I was listening to a podcast earlier today and they were discussing why people don’t try to change or at least don’t stay consistent in their efforts to change. The interviewee pointed out how easy it is to stay the same and do nothing. The interviewer agreed, acknowledging the comfort of being static. Forgive me for not remembering names, I listened to many today while working so I don’t want to attribute the interview to the wrong people.
It got me thinking that of course it’s easy (and convenient) to continue down a path you’ve always gone or to tell yourself the exact same story about your life. “I always do this…I never remember that or I never follow-through on….
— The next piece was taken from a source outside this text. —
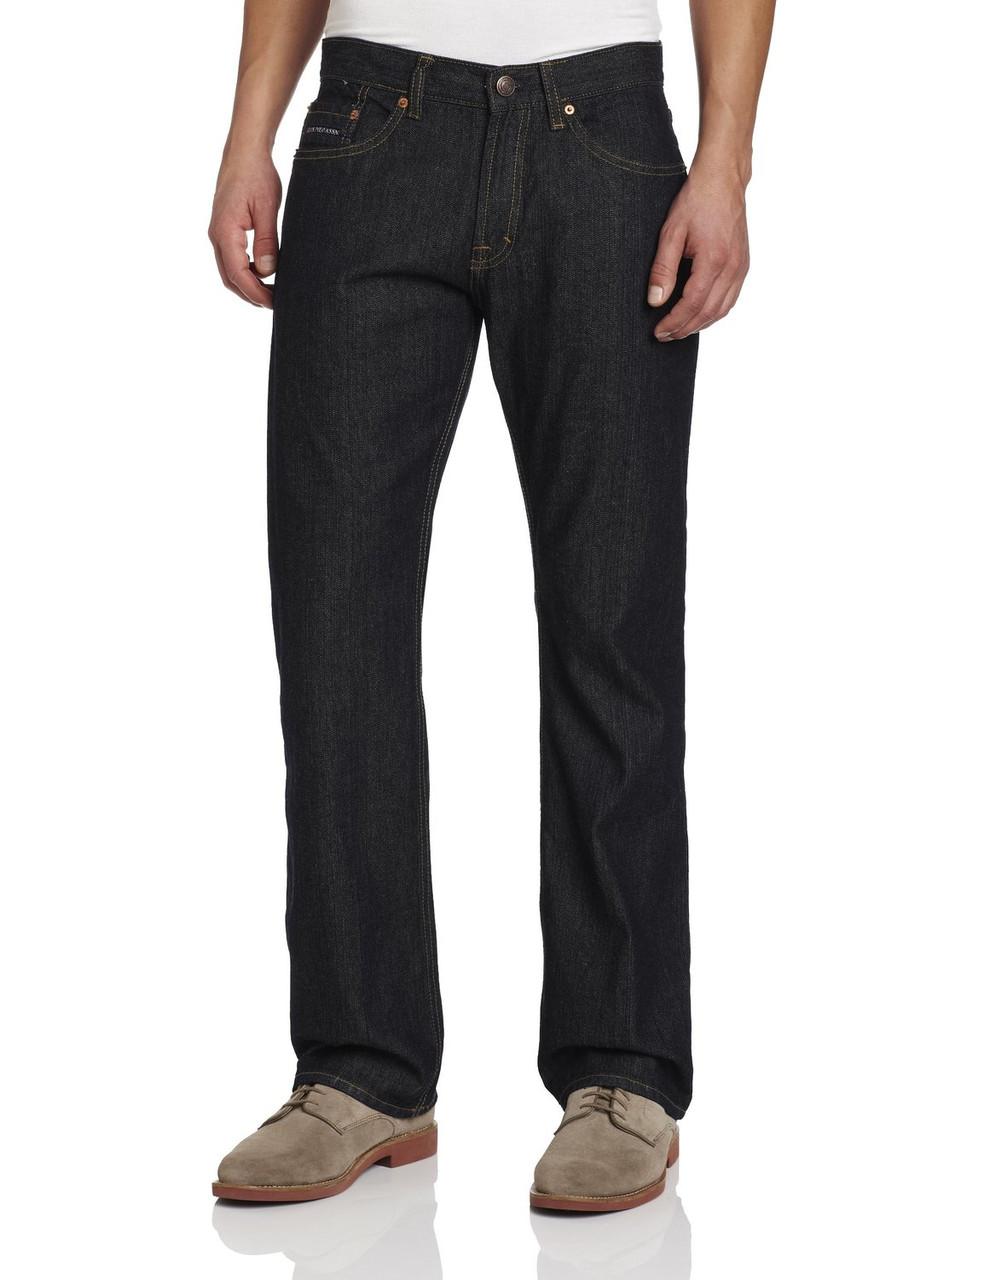 Джинси U. S. Polo Assn. Slim Fit Bootcut Leg, Blue, 38W30L, 112898YX

It reminded me of a a quote I first heard from Jim Kwik: “Your mind is always eavesdropping on your self-talk.” What if I’ve been telling myself a story about myself, convinced that I already know the ending? And is my mind being programmed by my negative self-talk?
When I engage in negative self-talk, I believe I am giving myself permission to give up. I’ve done it with some of my writing and wellness goals in the past. It makes the bad medicine go down, nice and smooth.
Except that it’s not so smooth, is it? While you’re swallowing, the taste gets a little sour–even rancid, doesn’t it?
When our self-awareness grows, the harder it is to feel the comfort, to convince ourselves we are at ease when we quit. Now that I am writing on a regular basis, I am not choking down anything.
I am too busy telling myself a better story.